Test Set Versioning and New Test Set UI

Overview

When you compare evaluation results from last week to today, how do you know the test data didn't change? You don't. Until now.

Test set versioning tracks every change to your test sets. Each edit, upload, or programmatic update creates a new version. Evaluations link to specific versions, so you can trust your comparisons.
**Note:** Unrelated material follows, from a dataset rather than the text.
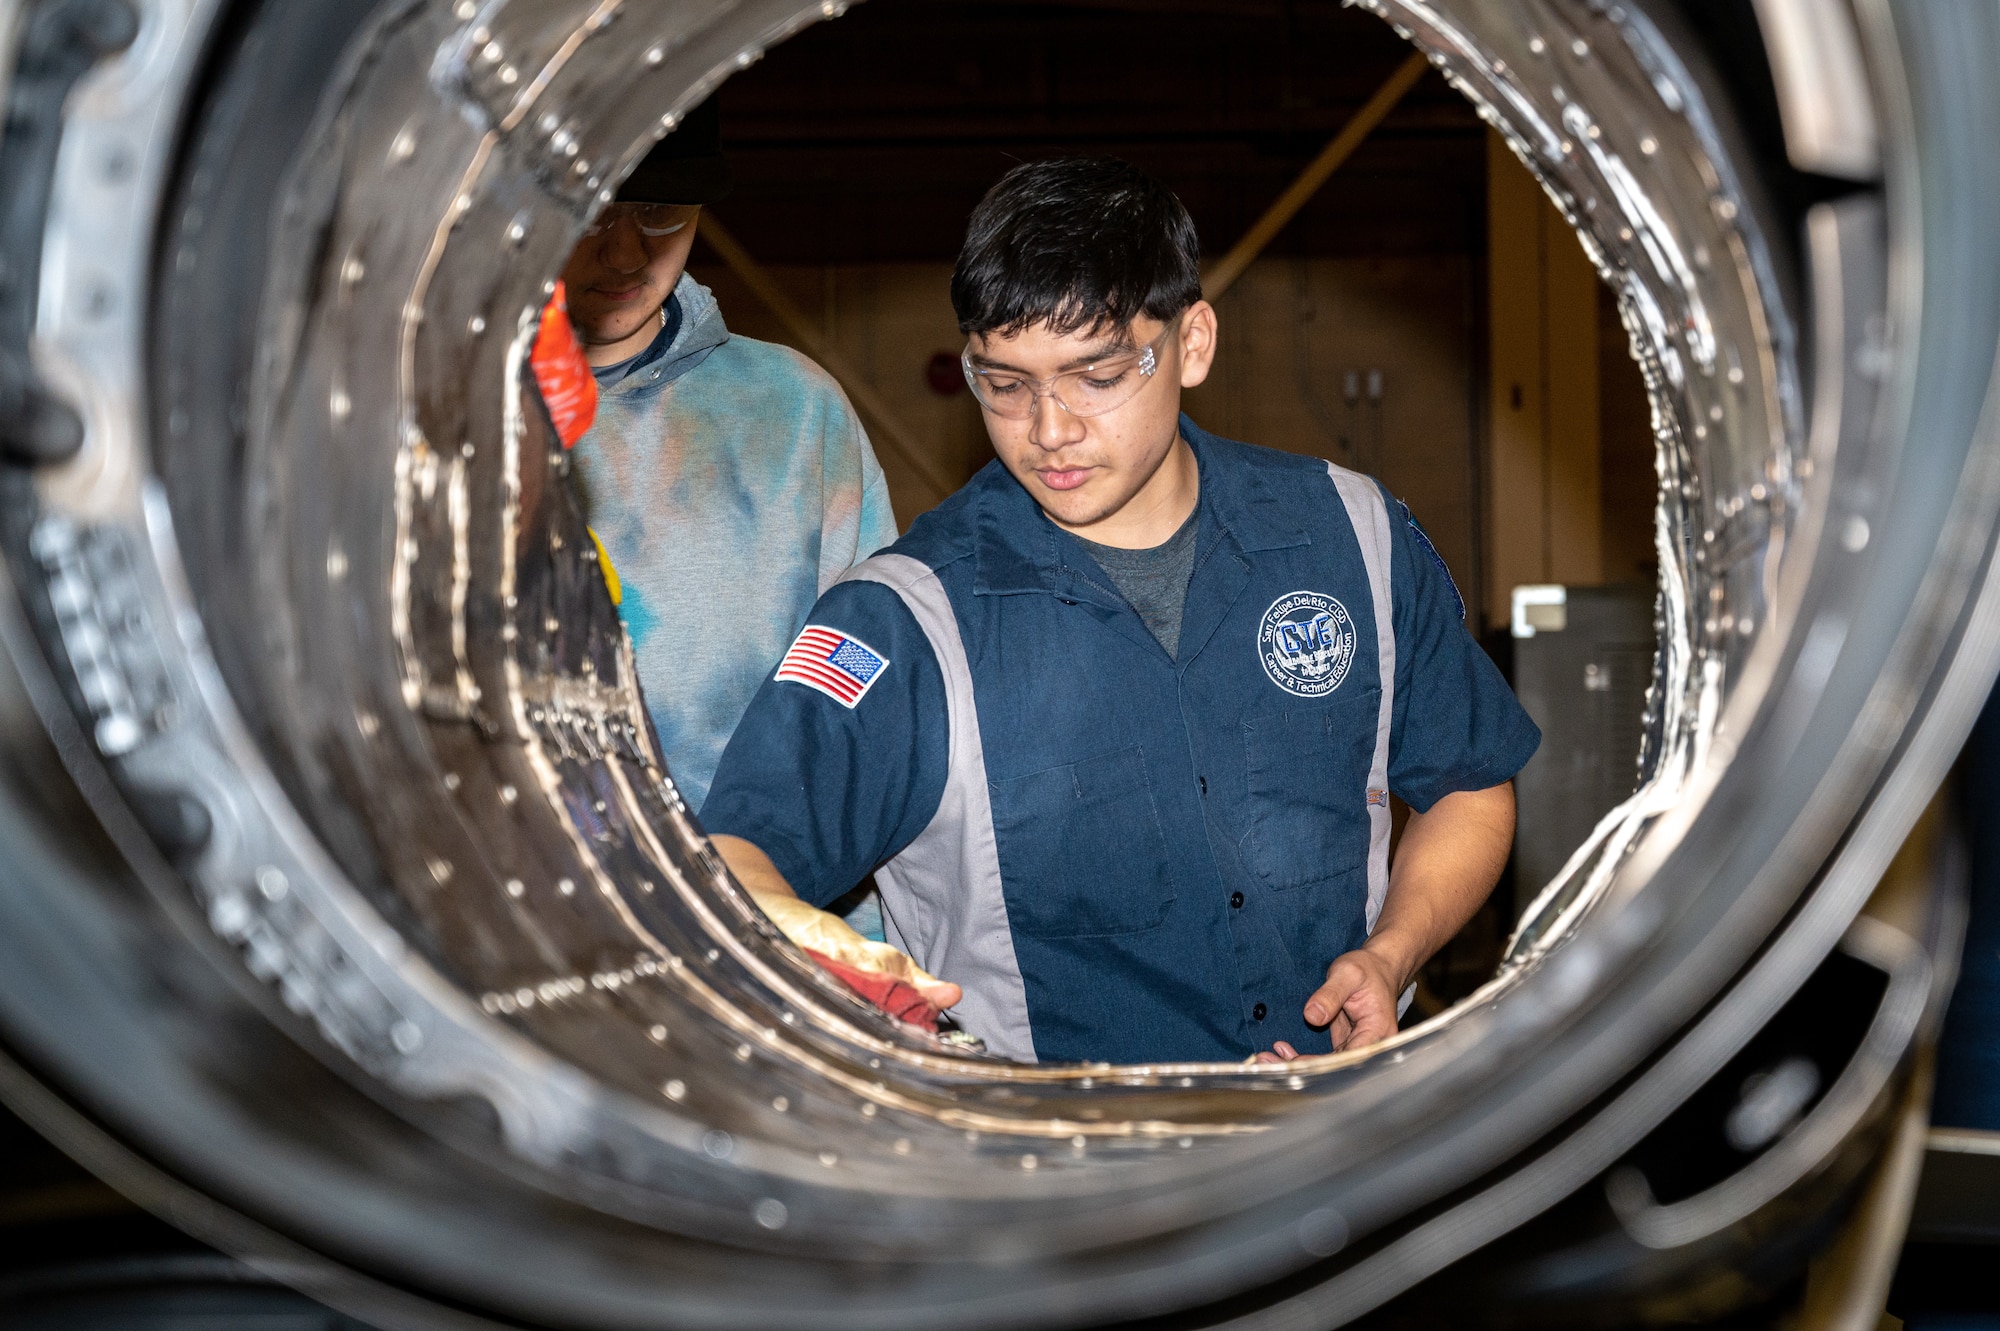 Adrian Garcia, a CTE Program Student, receives instruction from Laughlin Air Force Base, Texas, maintenance team while working on a T-38C Talon. The purpose of the Grow Our Own program is to give high school students experiences and tools to set them up for success in their adult lives. (U.S. Air Force photo by Senior Airman David Phaff)

We also rebuilt the test set UI from scratch. It handles hundreds of thousands of rows without slowing down. Editing is faster, especially for chat messages and complex JSON data.

Test Set Versioning

Every change to a test set creates a new version. You can see the version history, compare versions, and revert to previous versions.

What gets versioned:

  • Adding, editing, or deleting test cases
  • Uploading new data (CSV, JSON)
  • Programmatic updates via SDK or API
  • Column changes

Evaluation linking: When you run an evaluation, it links to the specific test set version used. This means:

  • You can compare evaluations knowing they used the same test data
  • If someone updates the test set, your historical evaluations still reference the original version
  • You can filter evaluations by test set version

Programmatic versioning: Upload test sets via the SDK or API. The system detects changes and creates new versions automatically.

import agenta as ag

# Upload a test set - creates a new version if content changed
testset = ag.testsets.upload(
name="my-test-set",
data=test_cases, # Your test case data
)

# The testset object includes version information
print(f"Version: {testset.version}")

New Test Set UI

The test set view is completely rebuilt. It uses virtualized rendering, so it stays fast with large datasets.

What's new:

  • Scale: Handle 100,000+ rows without performance issues
  • JSON support: View and edit complex JSON directly. Toggle between raw JSON and formatted views
  • String or JSON columns: Choose how each column stores data. Use JSON for structured data like chat messages

Chat message editing: Test cases with chat messages (like [{"role": "user", "content": "..."}]) now have a dedicated editor. Add, remove, or reorder messages. Edit content with proper formatting.

Upload options:

  • Upload CSV or JSON files
  • Create test sets in the UI
  • Create programmatically via SDK
  • Add spans from observability to test sets

Traceability

Everything connects. When you view a trace in observability:

  • See which test case it came from
  • See which test set version
  • Filter traces by test case or test set

When you view an evaluation:

  • See the exact test set version used
  • Compare only evaluations that used the same version
  • Navigate to the test set to see the data

Getting Started

Test set versioning is automatic. Any change creates a new version.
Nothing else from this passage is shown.